### WHAT NEEDS TO BE DONE:
Start to finish, return the listing below exactly, pictures excluded.

### DATA PROVIDED:
*** Begin section ***

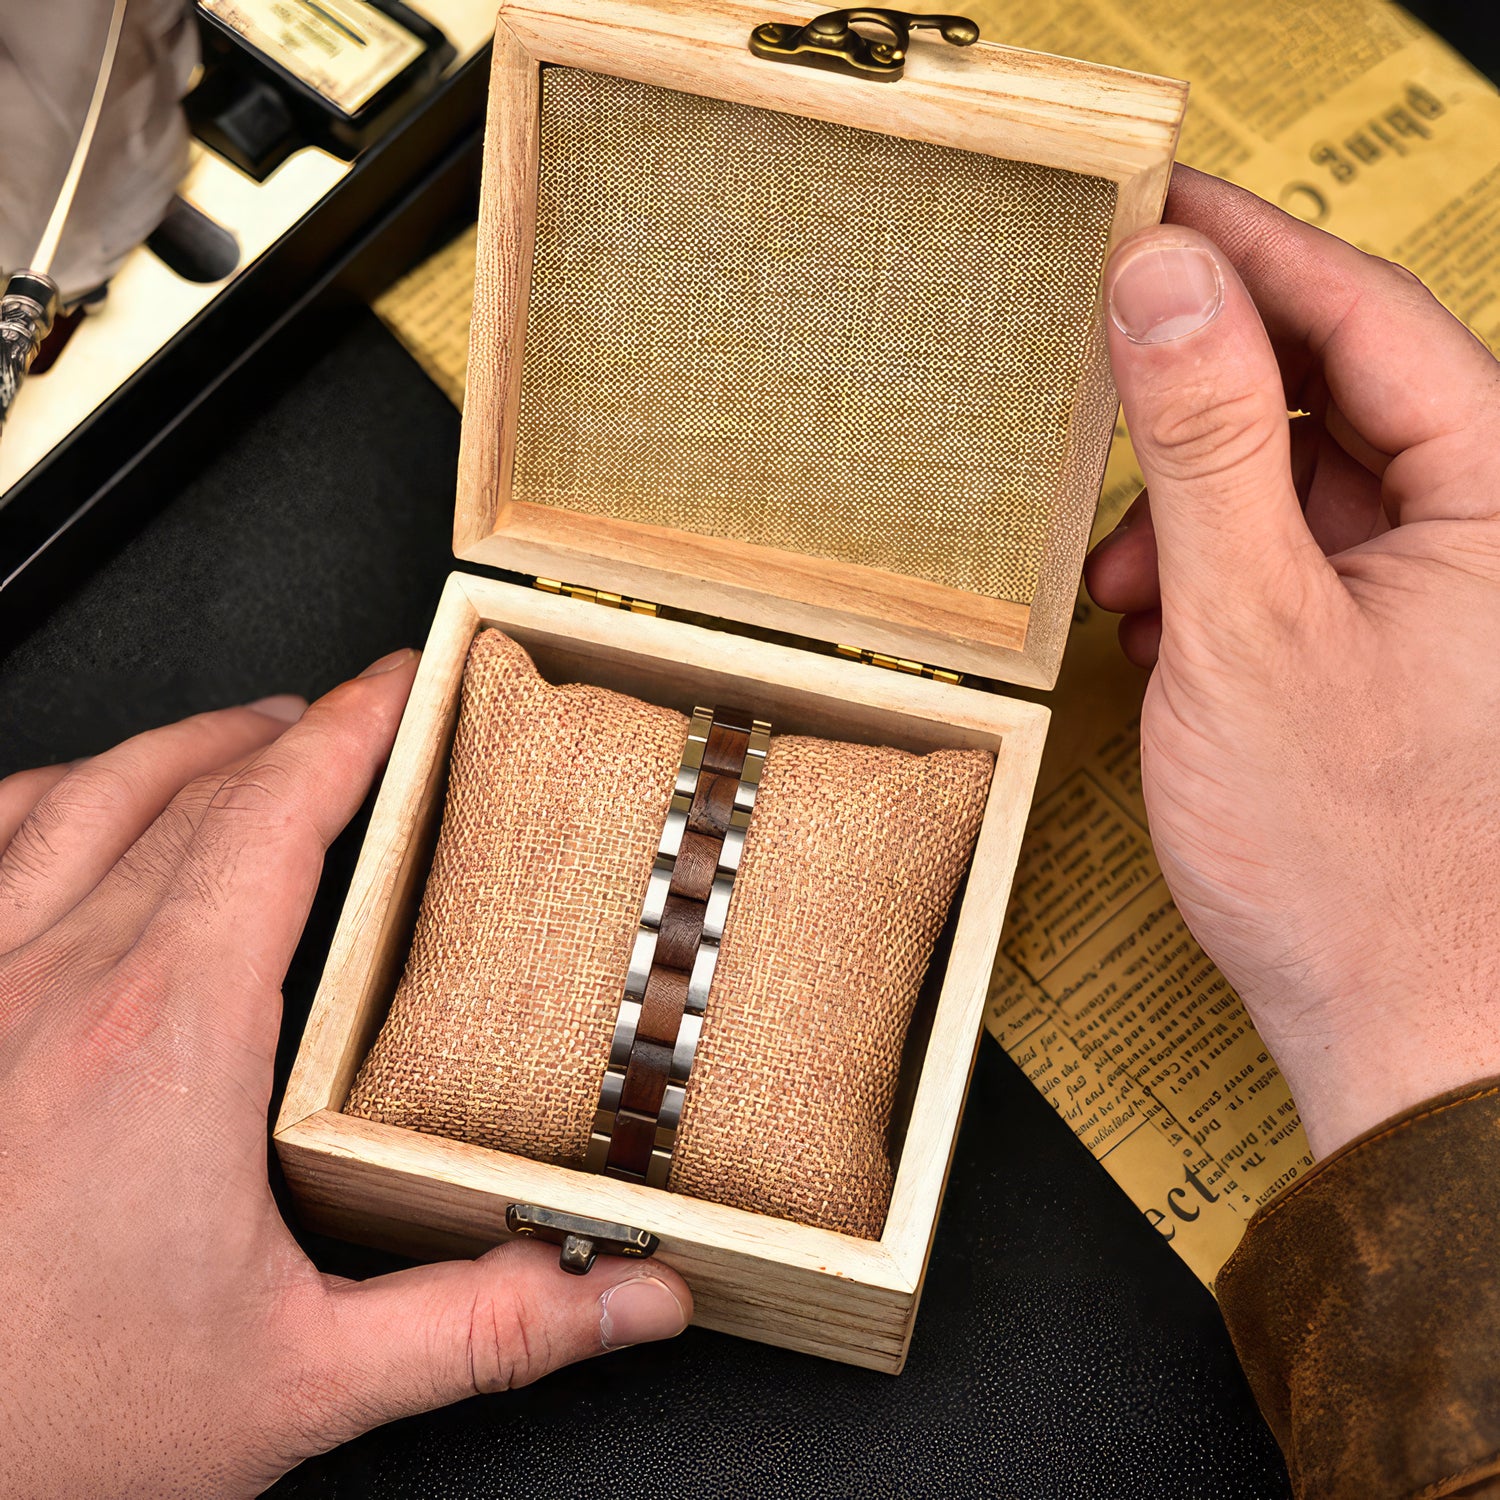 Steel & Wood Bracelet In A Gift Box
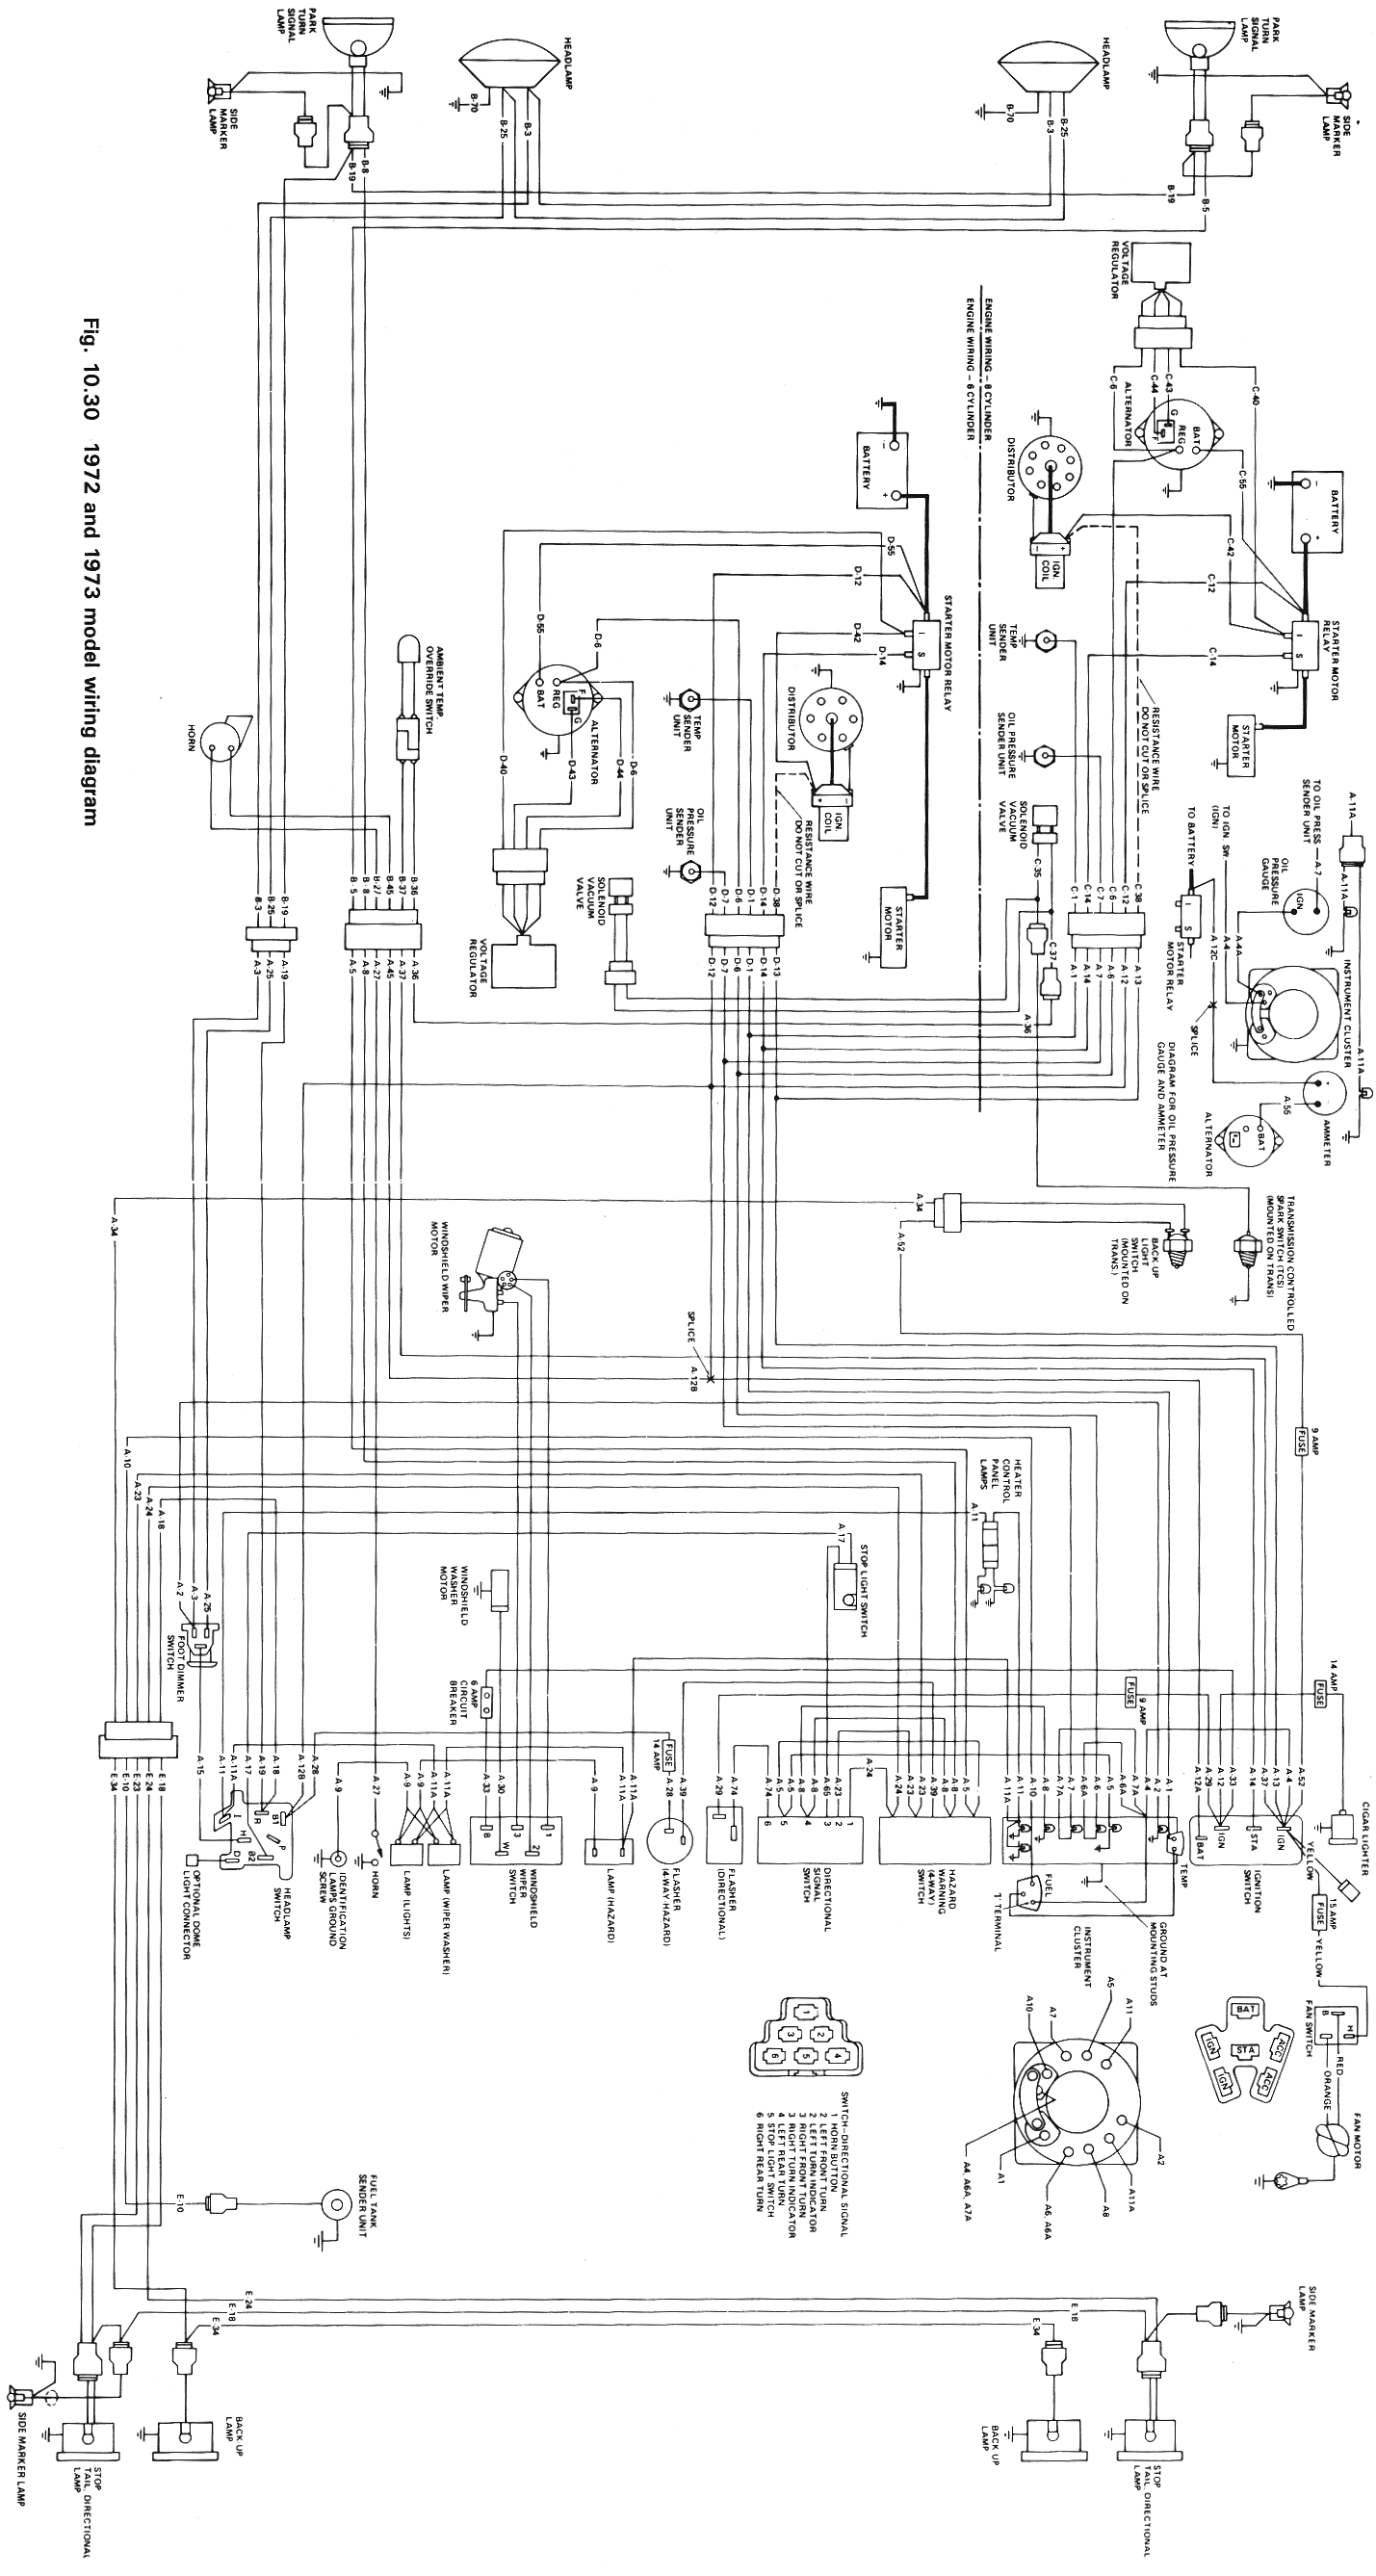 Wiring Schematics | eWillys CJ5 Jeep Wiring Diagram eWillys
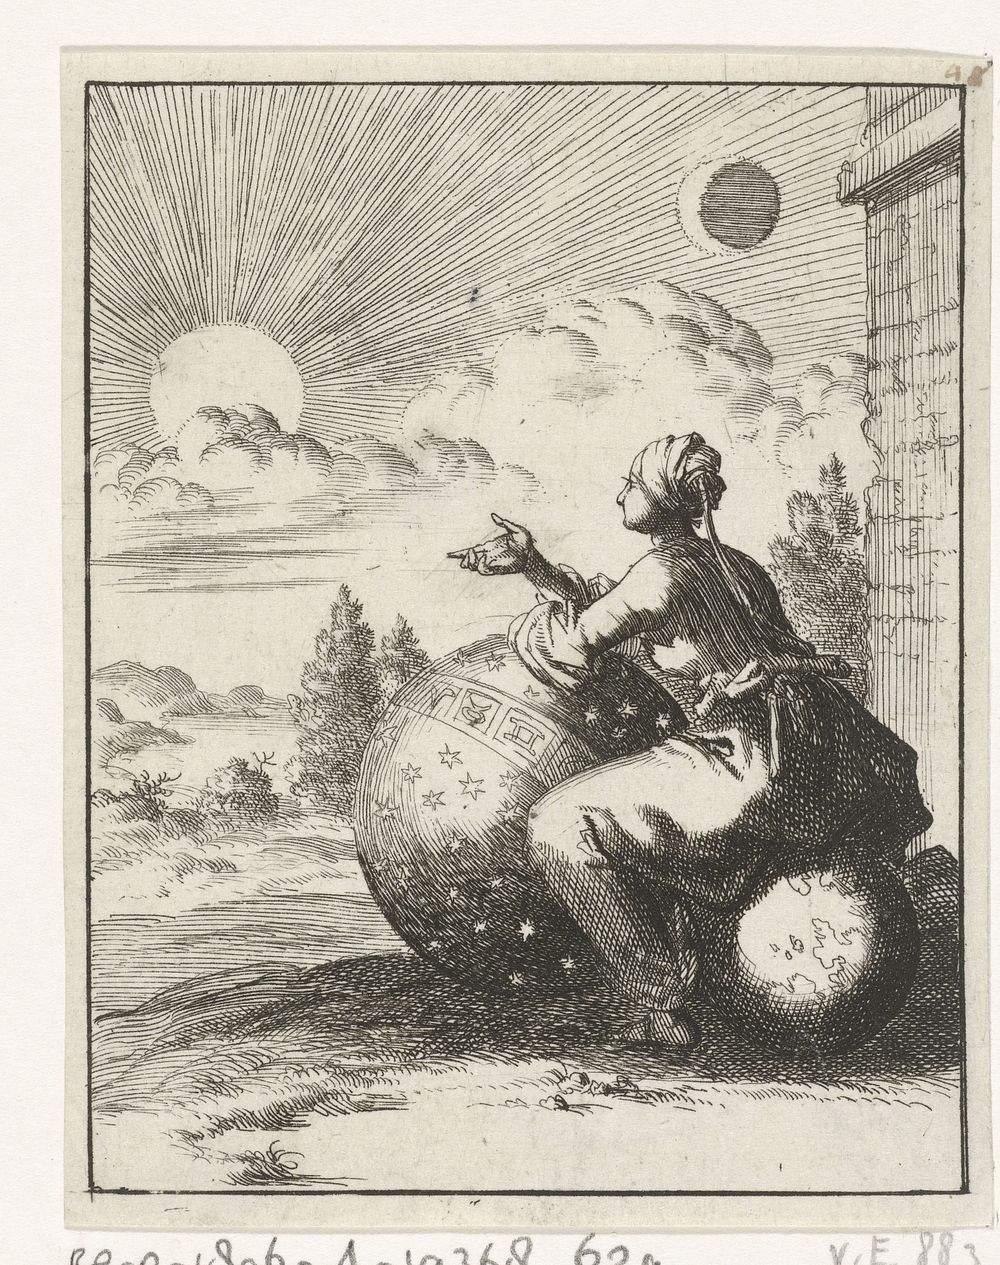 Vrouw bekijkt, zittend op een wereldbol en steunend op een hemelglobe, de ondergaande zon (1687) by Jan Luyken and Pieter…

*** End section ***

### TASK ANSWER:
 Steel & Wood Bracelet In A Gift Box
 Wiring Schematics | eWillys CJ5 Jeep Wiring Diagram eWillys
 Vrouw bekijkt, zittend op een wereldbol en steunend op een hemelglobe, de ondergaande zon (1687) by Jan Luyken and Pieter…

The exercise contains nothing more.